→ Source material
▬▬▬▬▬▬

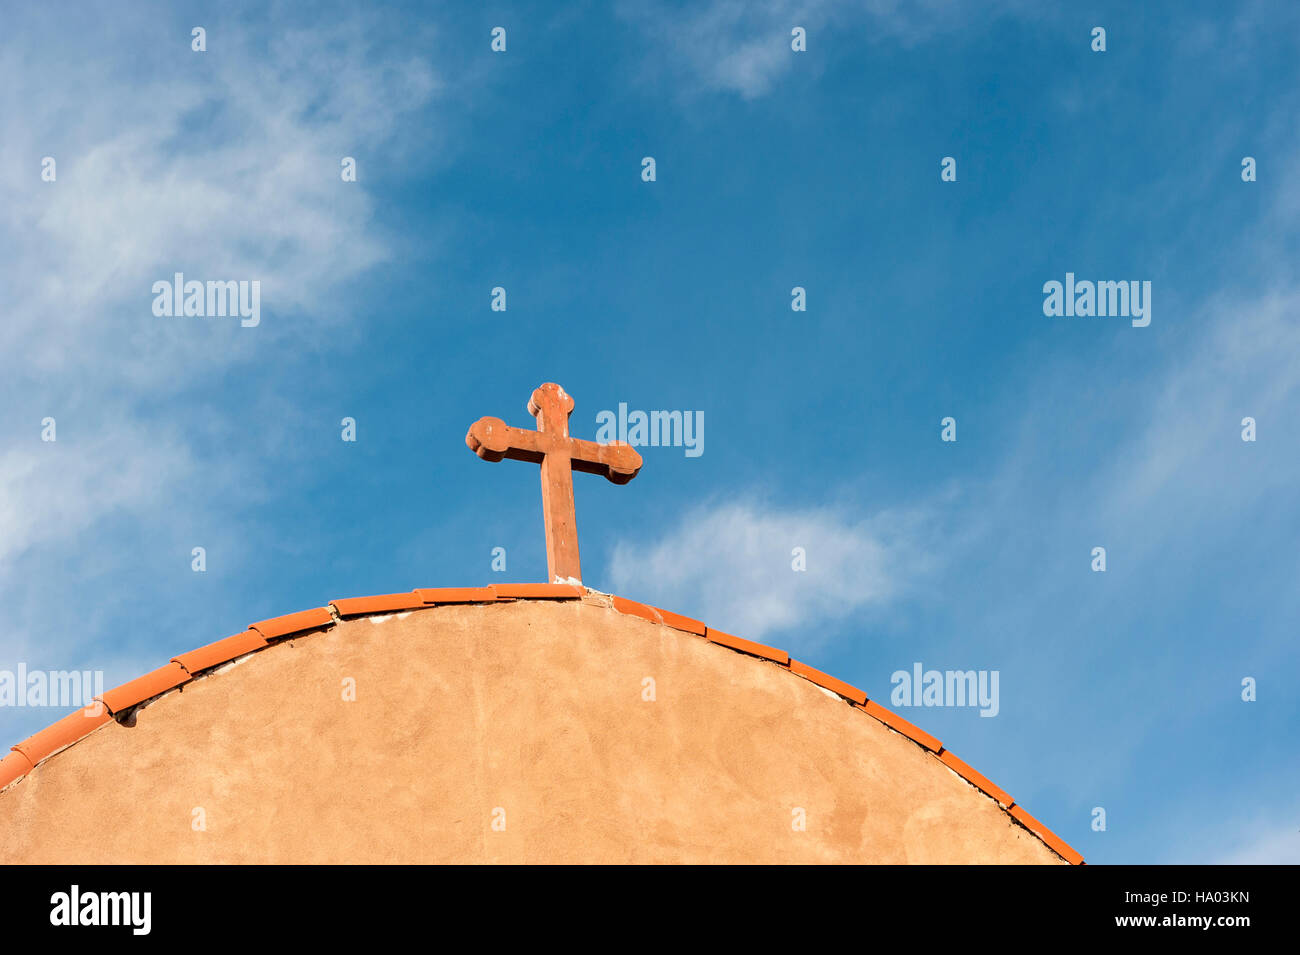 Croix de bois, crucifix au sommet d'une église typique de style adobe à San Antonio, comté de Socorro, Nouveau-Mexique, Etats-Unis Banque D'Images
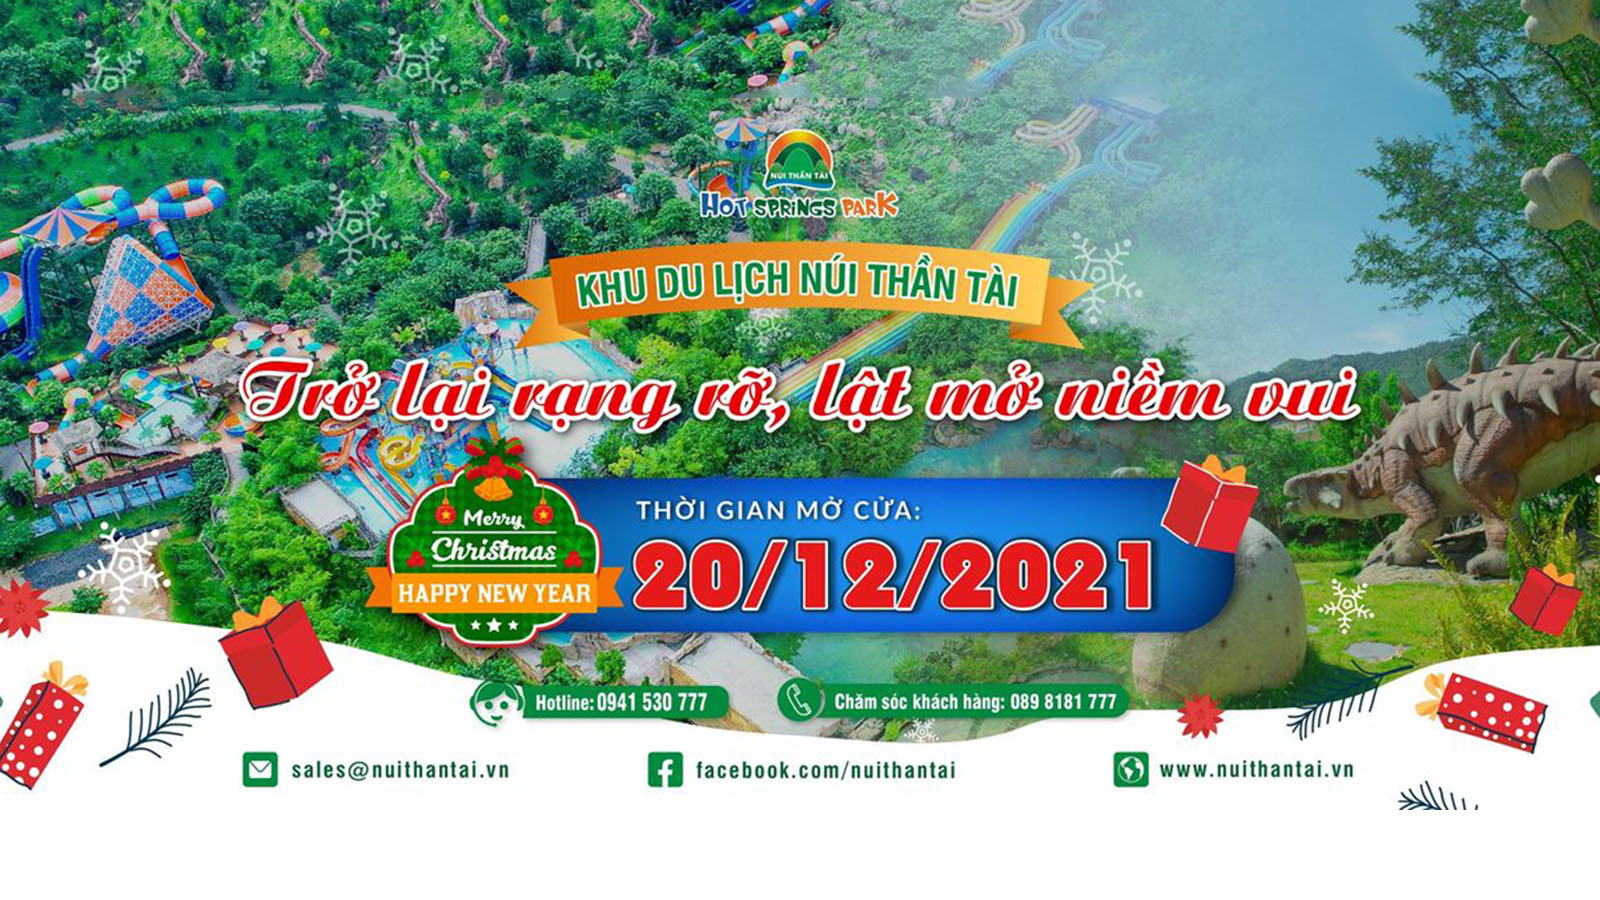 Từ ngày 20.12.2021 Cȏng Viên Suối Khoáng Nόng Núi Thần Tài mở cửa trở lại - Cổng thȏng tin du lịch thành phố Đà Nẵng
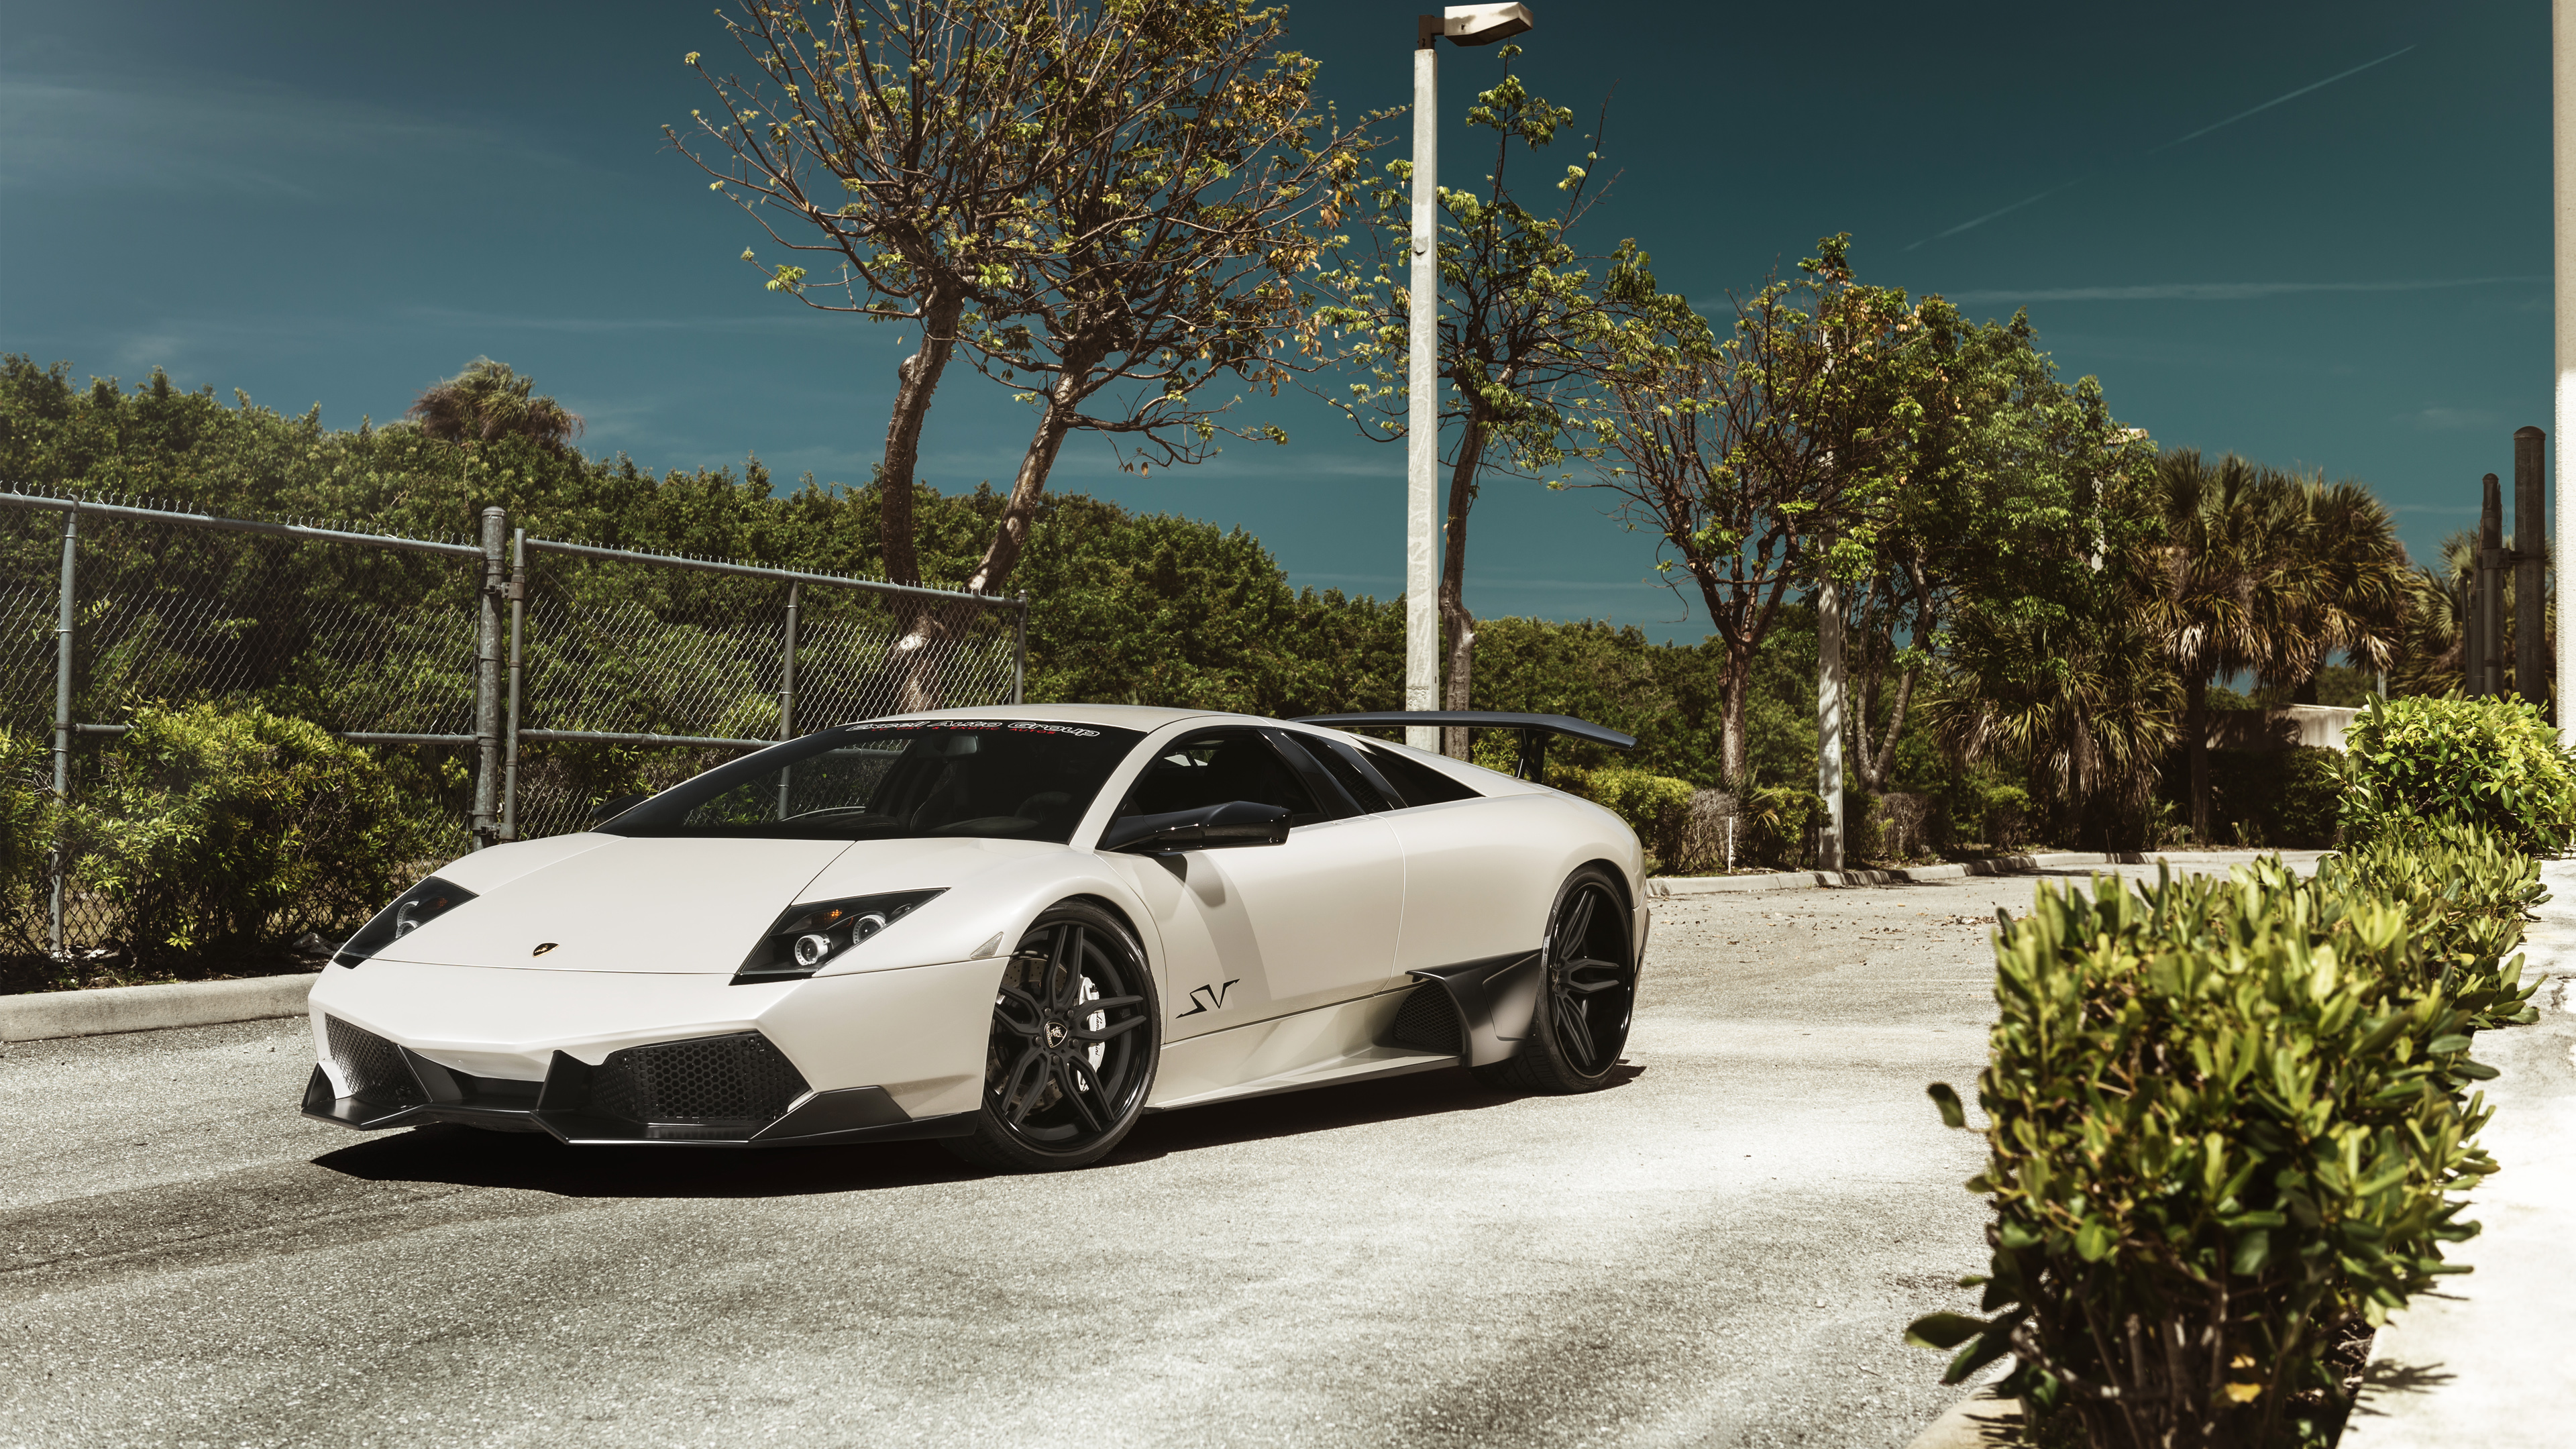 ADV1 Lamborghini Murcielago Wallpaper | HD Car Wallpapers ...

▬▬▬▬▬▬

→ Directions
Keep the pictures out, and write out the rest of the data above word for word.

→ Answer box
 Croix de bois, crucifix au sommet d'une église typique de style adobe à San Antonio, comté de Socorro, Nouveau-Mexique, Etats-Unis Banque D'Images
 Từ ngày 20.12.2021 Cȏng Viên Suối Khoáng Nόng Núi Thần Tài mở cửa trở lại - Cổng thȏng tin du lịch thành phố Đà Nẵng
 ADV1 Lamborghini Murcielago Wallpaper | HD Car Wallpapers ...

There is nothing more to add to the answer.